• Welcome to OGBoards 10.0, keep in mind that we will be making LOTS of changes to smooth out the experience here and make it as close as possible functionally to the old software, but feel free to drop suggestions or requests in the Tech Support subforum!

Non-Political Coronavirus Thread

Watching people untrained in virology and public health play epidemiologist is almost as fun as watching people untrained in law and history play constitutional lawyer. In case you're wondering how tragedies happen... this is it.

It's almost like we should stop electing lawyers and B-list celebrities to run the fucking country.
 
Some formulas for 2&2 to work on or for people to have a background of simple epi info. Everyone has been hammered with R0 so should have a good grasp of that concept, bigger the R0 the more spread, R0 1 means stable transmission, R0 less than 1 means declining transmission. R0 has somewhat been misconstrued in the media because R0 in the traditional sense is a stable basic reproductive number, which is important in the case of removing social distancing. We are artificially changing R0 based on social distancing but the actual R0 is static, which for this virus appears to be somewhat high, most likely in the 4-6 range. Once again though this is an average, which will vary person to person, so one person may be transmitting to 1 person another may be transmitting to 10 people, based off a whole bunch of factors like viral load, immune response, respiratory capacity, movements, etc…

People may also be familiar with SIR models of disease, it’s the most basic epi model there is. You have Susceptible, Infectious, and Recovered. Each will be treated as its own bin, using an ordinary differential equation. You can make this model as simple or as complex as you want, you can add birth rate to into susceptible, but that can probably be eliminated for Covid-19, but you probably want to eliminate deaths from the recovered bin. The whole process then becomes cyclical; Susceptible population (infectious rate) to infected population (recovery rate) to recovered population (minus deaths), then rate of protection decay back to part of the susceptible population. Seems simple enough, the problem in an emerging disease is its extremely difficult to know what data to input into the model. So original modeling coming from China was an SIR model, with low transmission rates and no concept of asymptomatic spreaders.

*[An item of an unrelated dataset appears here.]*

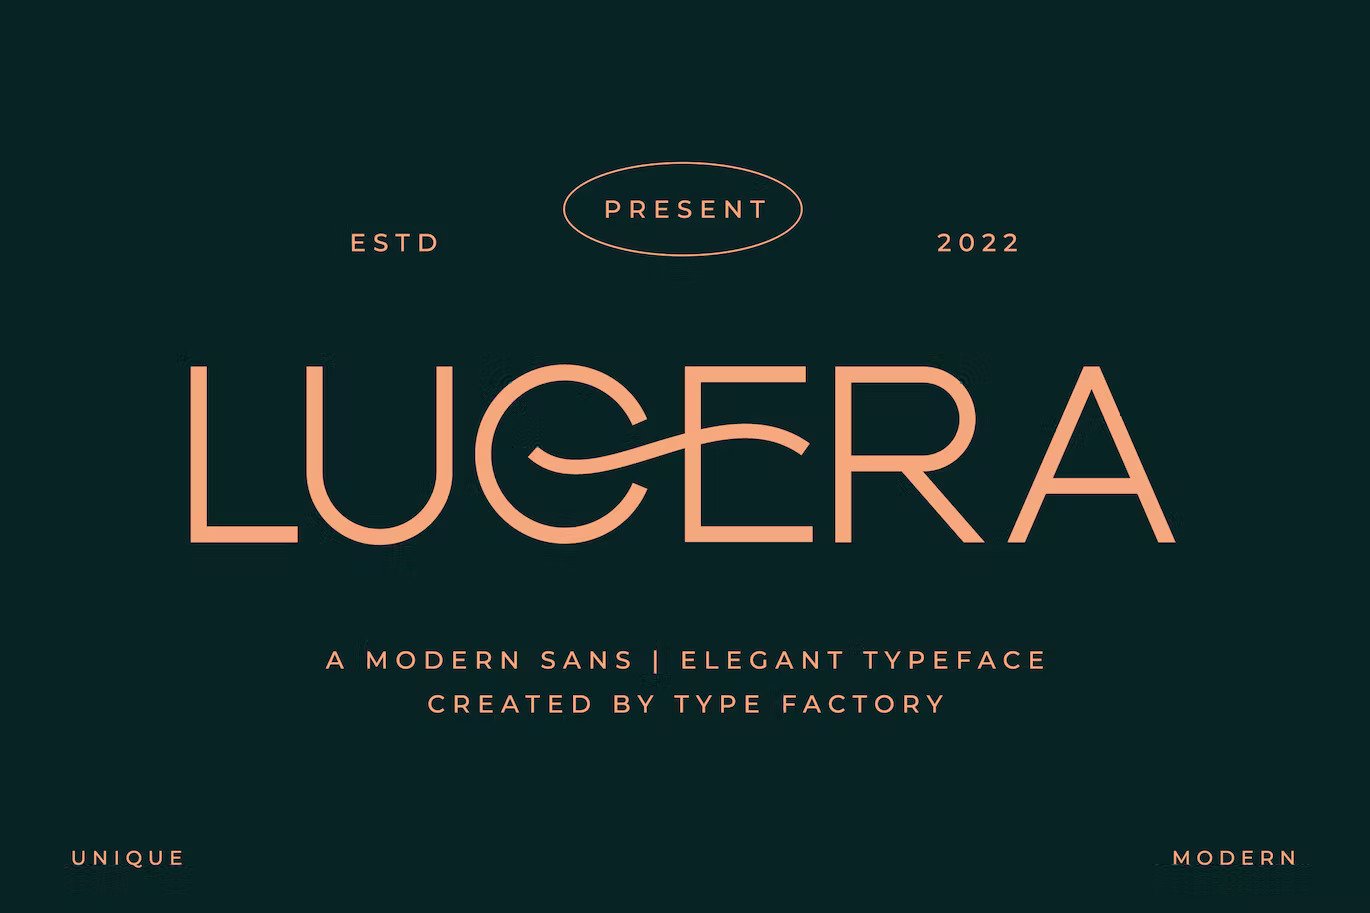 A modern and elegant sans typeface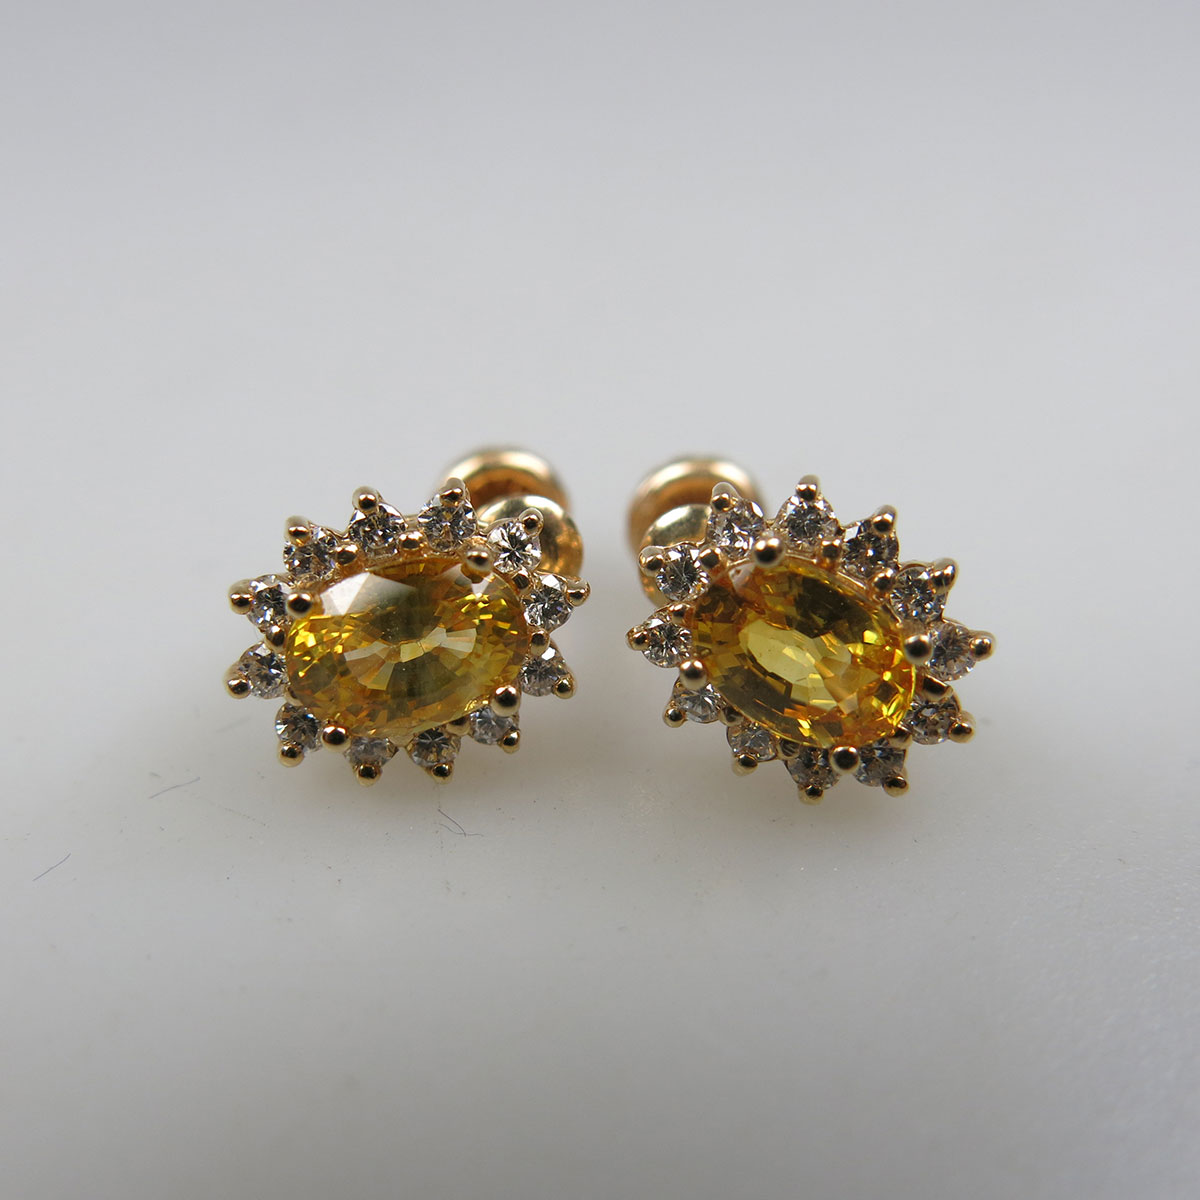 Pair Of 14k Yellow Gold Screw-Back Earrings

In early February the model was complicated by taking into account 2&2’s favorite thing, asymptomatic spreaders. To put these into the model you end up with an SEIR model, or Susceptible, Exposed, Infectious, Recovered. You have a group of individuals that are exposed but not infectious, and then a group that’s exposed and infectious, but within the infectious group you then bin two different differential equations, one for symptomatic infections and one for asymptomatic infections. You then need to determine the infectious rate for both bins, do they vary (probably), is an asymptomatic spreader having a lower infectious force but same rate as infectious caused by increased rates of exposure. You are now adding equations on top of equations, and in an emerging disease you are making a lot of assumptions because the data is not great.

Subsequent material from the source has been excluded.